A 87-year-old man was diagnosed with prostate cancer (cT2aN0M0 Gleason score 44 with initial prostate specific antigen of 23.4 ng/ml). Prostate cancer was treated with combined androgen blockade (Goserelin Acetate plus flutamide). He was administered Goserelin Acetate depot injection without any complications as an outpatient. However, 5 hours after he left the hospital, he came back to the hospital, complaining of lower abdominal pain. Abdominal computed tomography revealed a giant subcutaneous hematoma in the lower abdomen. Hemoglobin was 6.9 g/dl and blood pressure was lower than 80 mmHg. He was admitted and given a blood transfusion. Because of pre-disseminated intravascular coagulation score 6, it was hard to antagonize warfarin by Vitamin K (he had taken warfarin because of atrial fibrillation). Arteriography was performed and injury to a branch of the lower epigastric artery was found. Transcatheter arterial embolization was performed at the same time. Injecting Goserelin Acetate may cause severe arterial injury.
Effects of treadmill training on combined goserelin acetate and doxorubicin-induced osteopenia in female rats.[Pubmed:24583536]
J Musculoskelet Neuronal Interact. 2014 Mar;14(1):10-8.
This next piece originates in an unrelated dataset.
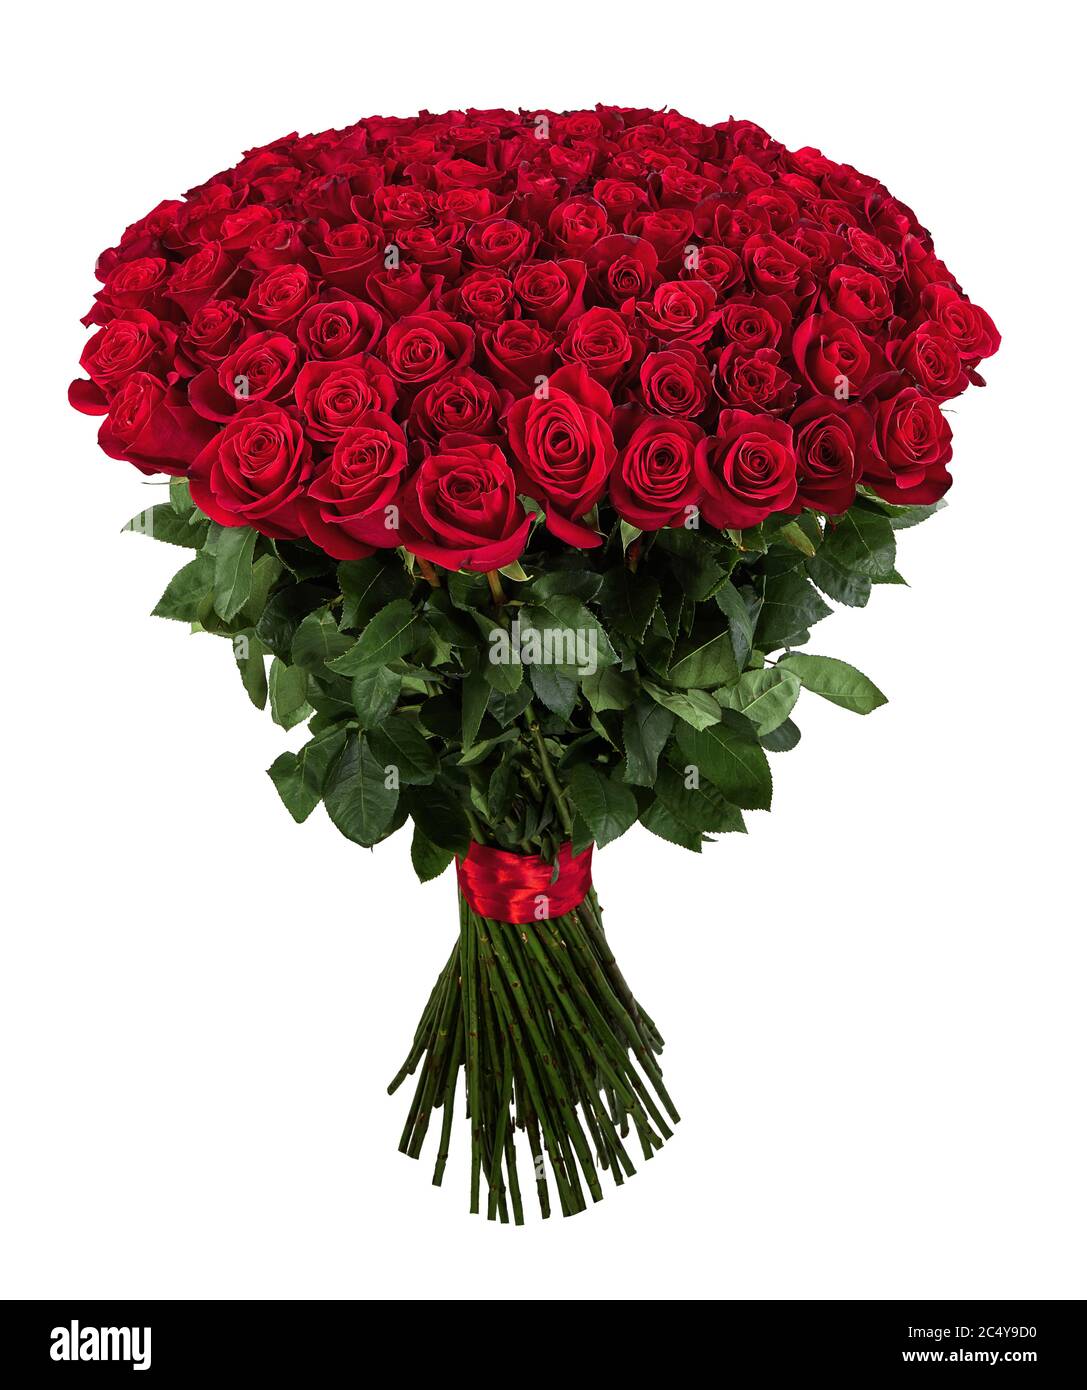 Rose rouge. Grand bouquet isolé de 101 roses rouges sur blanc Photo Stock -  Alamy
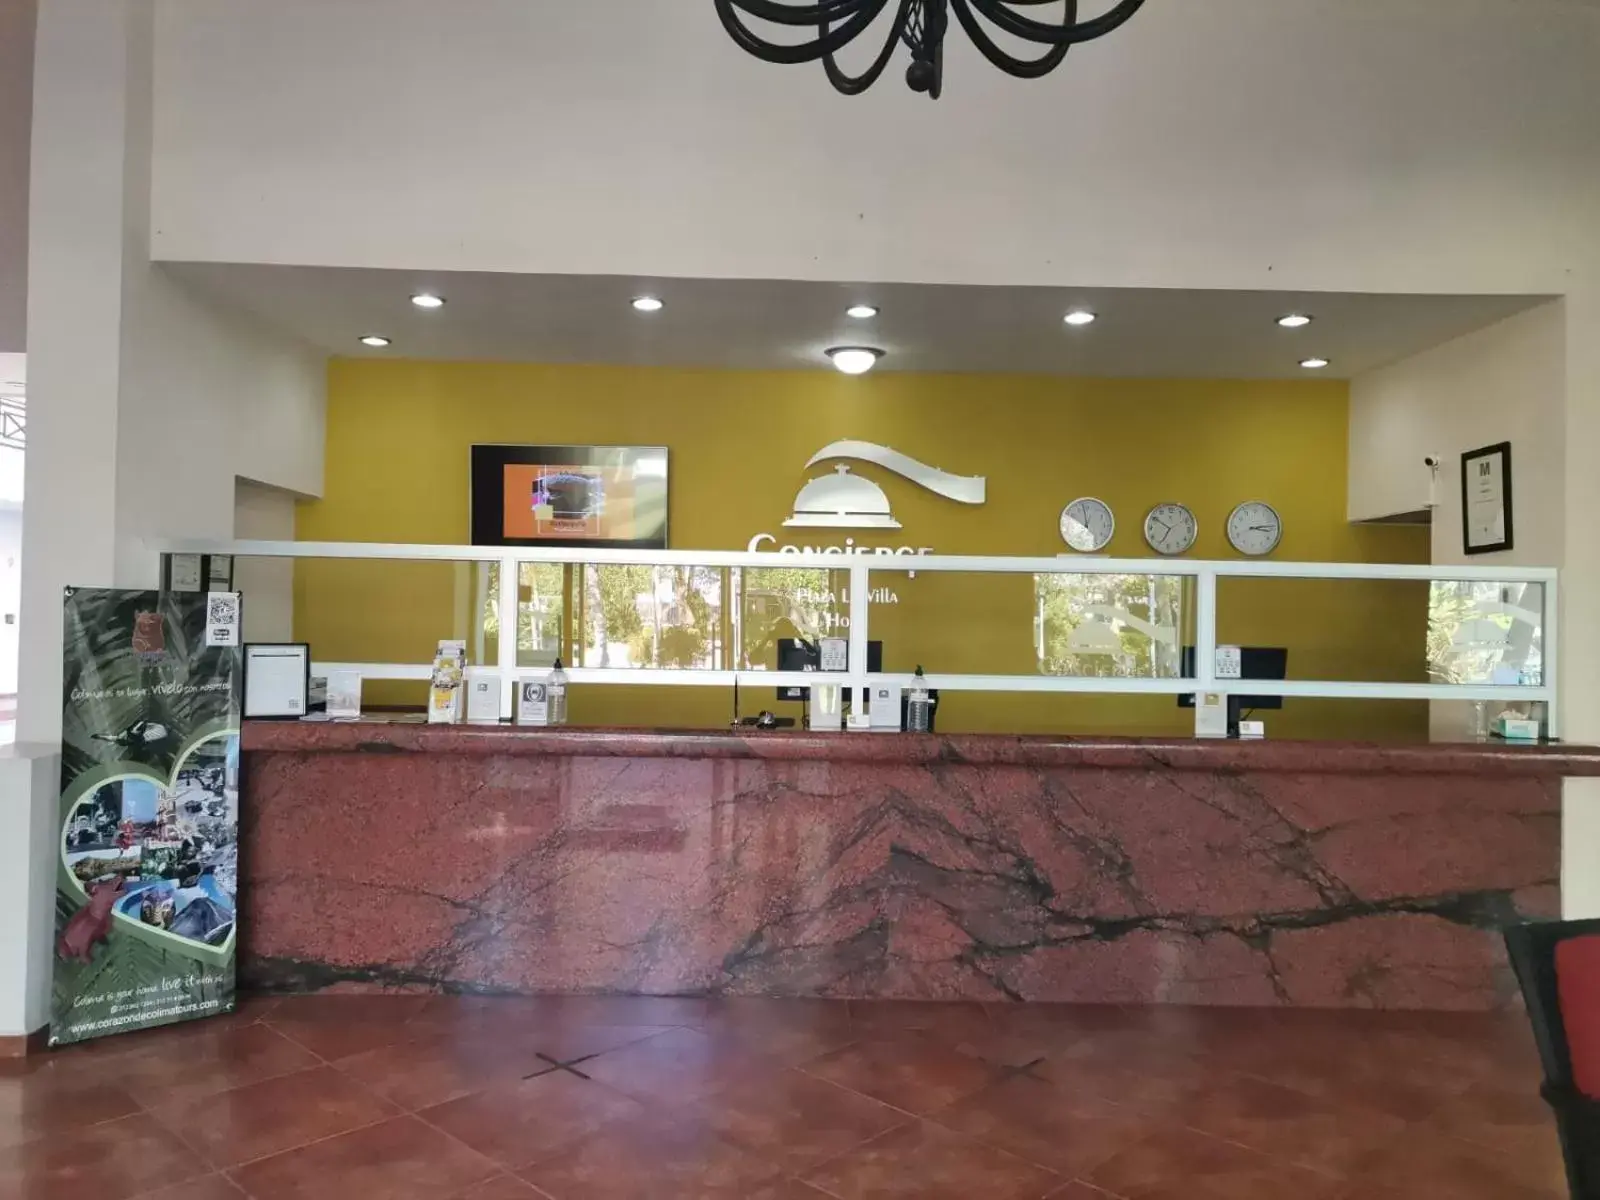 Lobby or reception in Concierge Plaza La Villa

OBJECTIVES: This study examined individual and combined effects of the cancer treatments Goserelin Acetate (GA) and doxorubicin (DOX) on bone and determined if treadmill running (TM) provides osteoprotection. METHODS: Ten-week-old female Sprague-Dawley rats were randomly assigned to sedentary (SED) or TM groups. SED received GA, DOX, combined GA and DOX (GA+DOX), or placebo and maintained normal cage activity. TM received GA, DOX, GA+DOX, or placebo and participated in a progressive motorized treadmill protocol. After 8 weeks, tibiae were evaluated using micro computed tomography. RESULTS: Negative drug effects were observed in cancellous bone (bone volume/tissue volume, trabecular number, trabecular thickness, trabecular spacing; P<0.05). An additive bone volume/tissue volume and trabecular spacing effect was observed in SED GA+DOX (vs. SED+GA and SED+DOX, P<0.05) but not in TM GA+DOX (vs. TM+GA and TM+DOX, P>0.05). Negative drug effects were observed in cortical bone (cross-sectional volume, cortical volume, marrow volume; P<0.05), but combined GA+DOX did not exacerbate these effects. Additionally, there were no protective cortical bone effects observed in TM. CONCLUSIONS: Combined GA+DOX exacerbates cancellous osteopenia in the tibia, and treadmill running provided only minor protection.